併せて、評価対象会社の継続性の疑義の有無、知的財産等に基づく超過収益力に依存する収益構造であるか、類似上場会社のない新規ビジネス、或いはニッチ業種に該当するかなどを判断する必要があります。
企業のライフサイクル(イメージ図)
以上の考慮すべき事項を確認した後、評価対象会社(売手)に適切な株価(株式価値)の算定方法を選択します。複数の算定方法を選択できる場合は、それぞれの算定方法の結果を比較検討するのがよいでしょう。
【5】株価(株式価値)の算定方法の選択
〇:採用が適していると考えられる △:場合によっては採用することが想定される
【6】会社を売却する場合に係る税金
中小M&Aの方法のうち、最も多く用いられる株式譲渡の場合において、会社売却に係る税金をどのように考えるかを一緒に見てみることにします。会社の株主が個人である場合、所得税・住民税あわせて20.315% の固定税率で分離課税が適用されます。以下の設例を用いて、会社を売却した場合、株主の税金をどのように計算するかを説明します。
<設例>
会社株主は、社長のみの一人株主とします。
株式の出資額10,000千円、株式譲渡代金100,000千円、売り手(個人株主)のM&A手数料5,500千円 (消費税込み)とします。
株式の売却益(注)は、株式譲渡代金から株式の出資額を差し引いた、90,000千円(=100,000千円−10,000千円)となります。
(注)キャピタル・ゲイン(資本利得)
個人株主の場合、株式の売却益は分離課税の対象となり、税率は20.315%(注)が適用されます。
また、M&A手数料(消費税込み)は、売却益から費用として差し引くことができます。
よって、個人株主が負担する税金は、以下のように計算することができます。
(90,000千円−5,500千円)×20.315%(注)=17,166千円
(注)所得税及び復興特別所得税(15.315%)+住民税(5%)
【7】会社を売却するタイミングを考える場合のポイント
会社を売却するためのポイントは3つあります。
ポイント① 引退の時期を決める。
「この事業が上手くいったあとで」といった条件付きの不明確な時期の決め方ではなく、できれば年月を確定することをおすすめします。時期を決めることで、実現するための強い決意が生まれます。
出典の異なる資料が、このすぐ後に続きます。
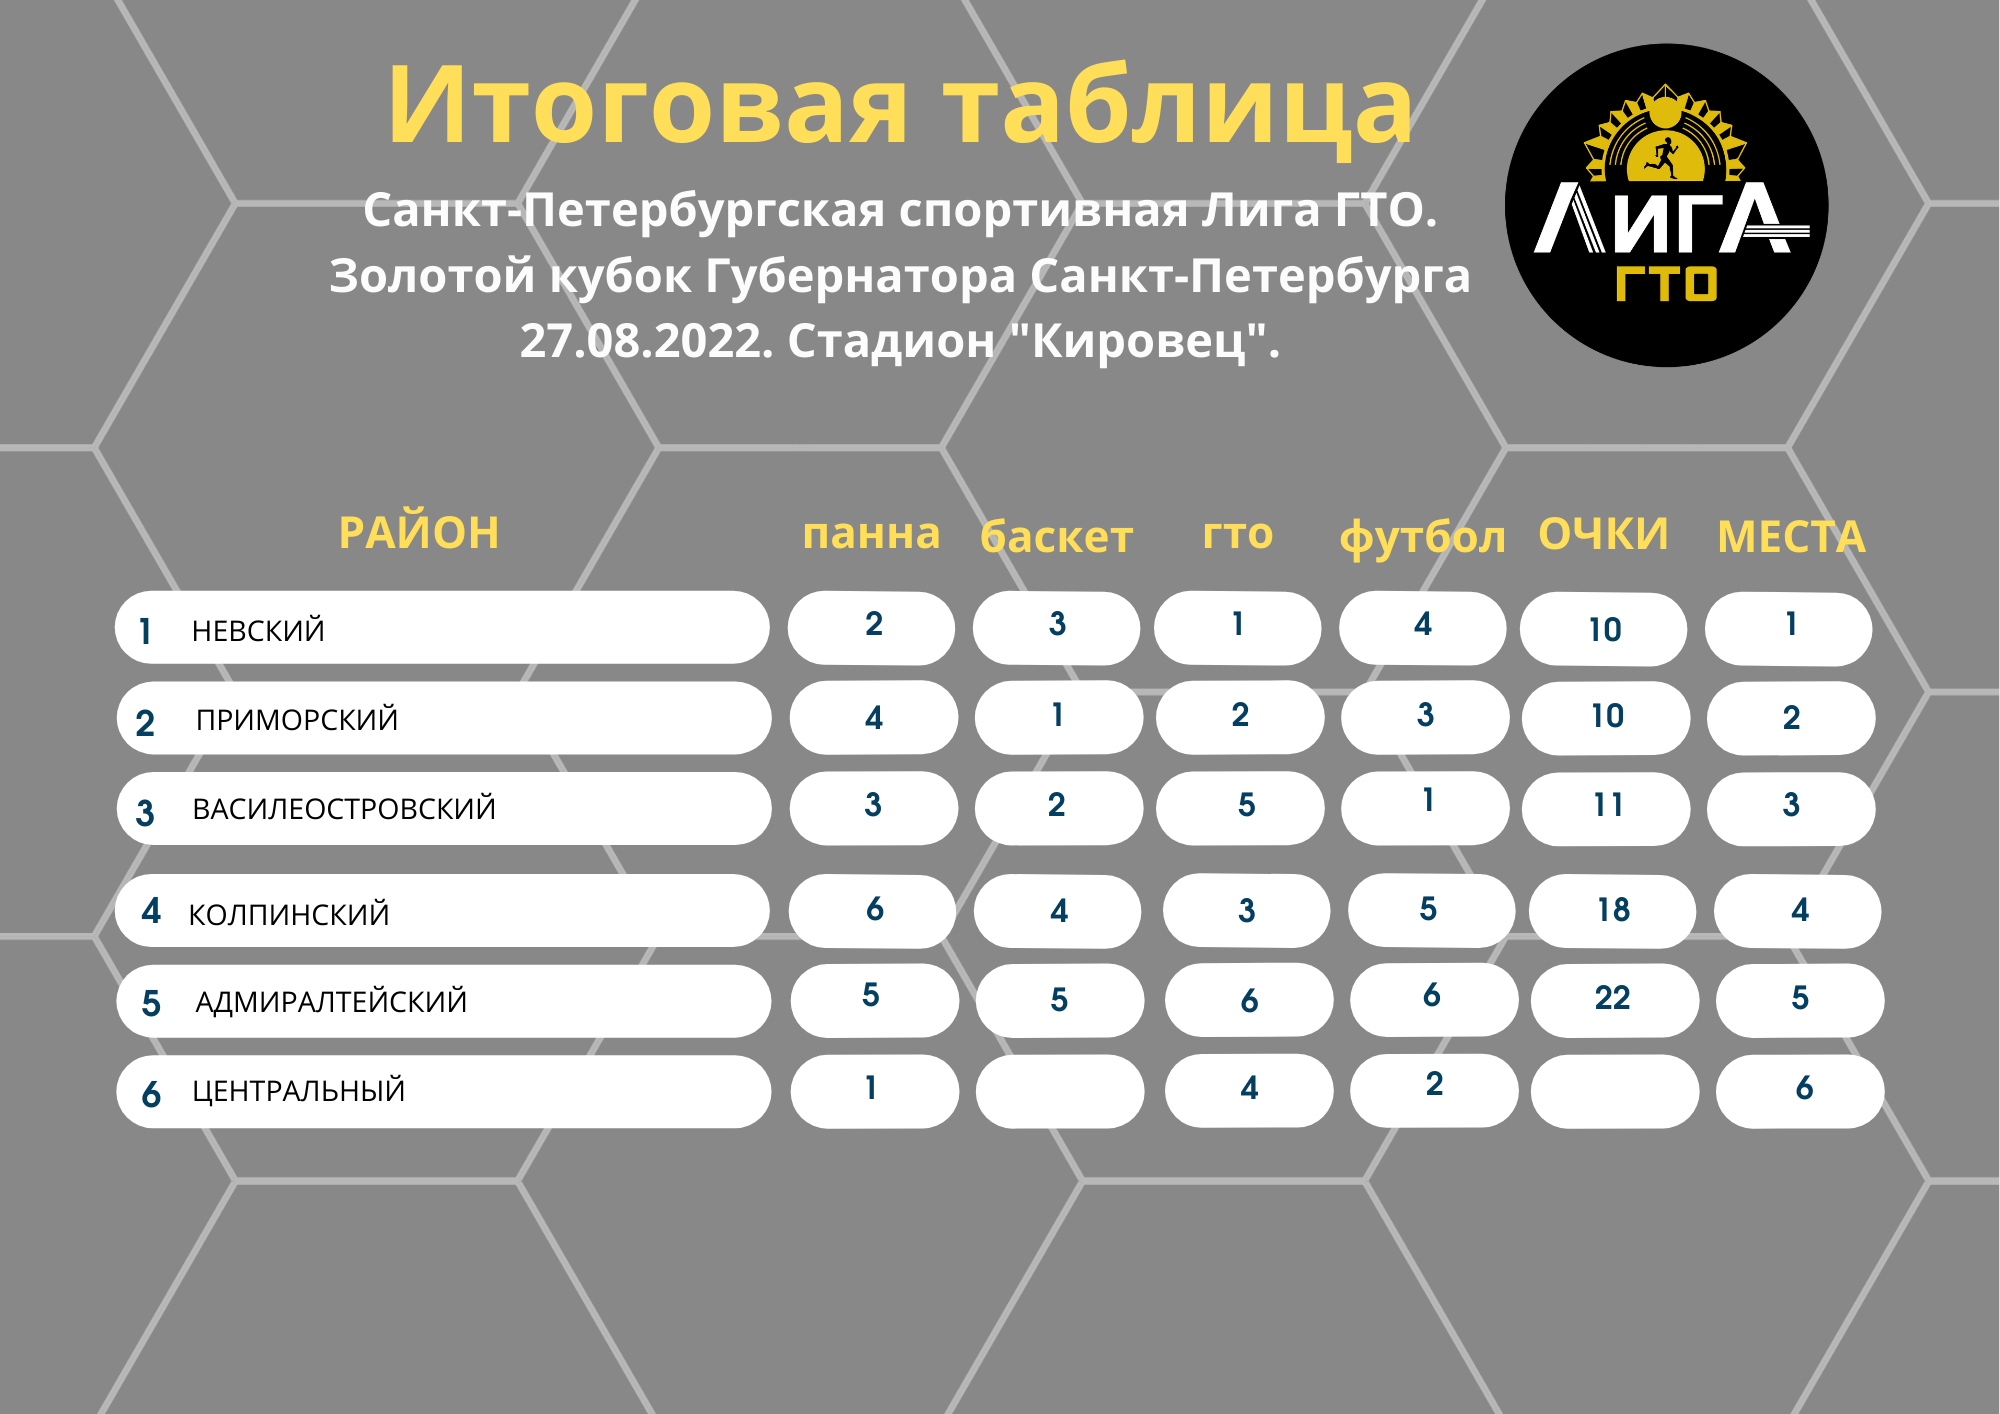 2 лига золотая группа турнирная таблица

経営状態がよいタイミングで売却すると高い株価で売却でき有利ですが「企業価値が上がったら売却してリタイアしよう」という決め方だとなかなか踏ん切りがつかず、ハッピーリタイアの実現は難しくなるでしょう。
ポイント② 売却前に次の経営者がやりやすいように経営環境を整えておくことです。
後顧の憂いなくリタイアするためには、経営者の頭の中にある重要な項目を整理しておくことが重要です。
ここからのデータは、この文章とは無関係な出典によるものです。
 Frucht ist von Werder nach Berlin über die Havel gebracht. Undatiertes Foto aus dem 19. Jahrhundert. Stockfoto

特に、従業員の対するケアがポイントであり、各従業員の性格等を、事業引継ぎの際に伝えておかなければ、その後の組織運営に支障が出ます。
ポイント③良いフィナンシャル・アドバイザーを見つける。
会社を売却する際には、専門的知識が必要となり、M&Aの専門家のサポートが必要となります。
中小M&Aの実績が十分にあり、業界での評判の良いM&A仲介会社を選ぶとよいでしょう。
どのM&A仲介会社も初期相談は、無料で対応しています。複数社と面談して、相性の良さそうな会社を選択するのも一つの方法です。
(注)フィナンシャル・アドバイザーの役割は、クライアント(売り手、買い手)が目指す戦略実現のために、最適なM&A手法を企画 立案し、その執行を全面的にサポートすることです。アドバイザリー会社のタイプとしては、金融機関系、会計会社系、ブティッ系の3つに大別することができます。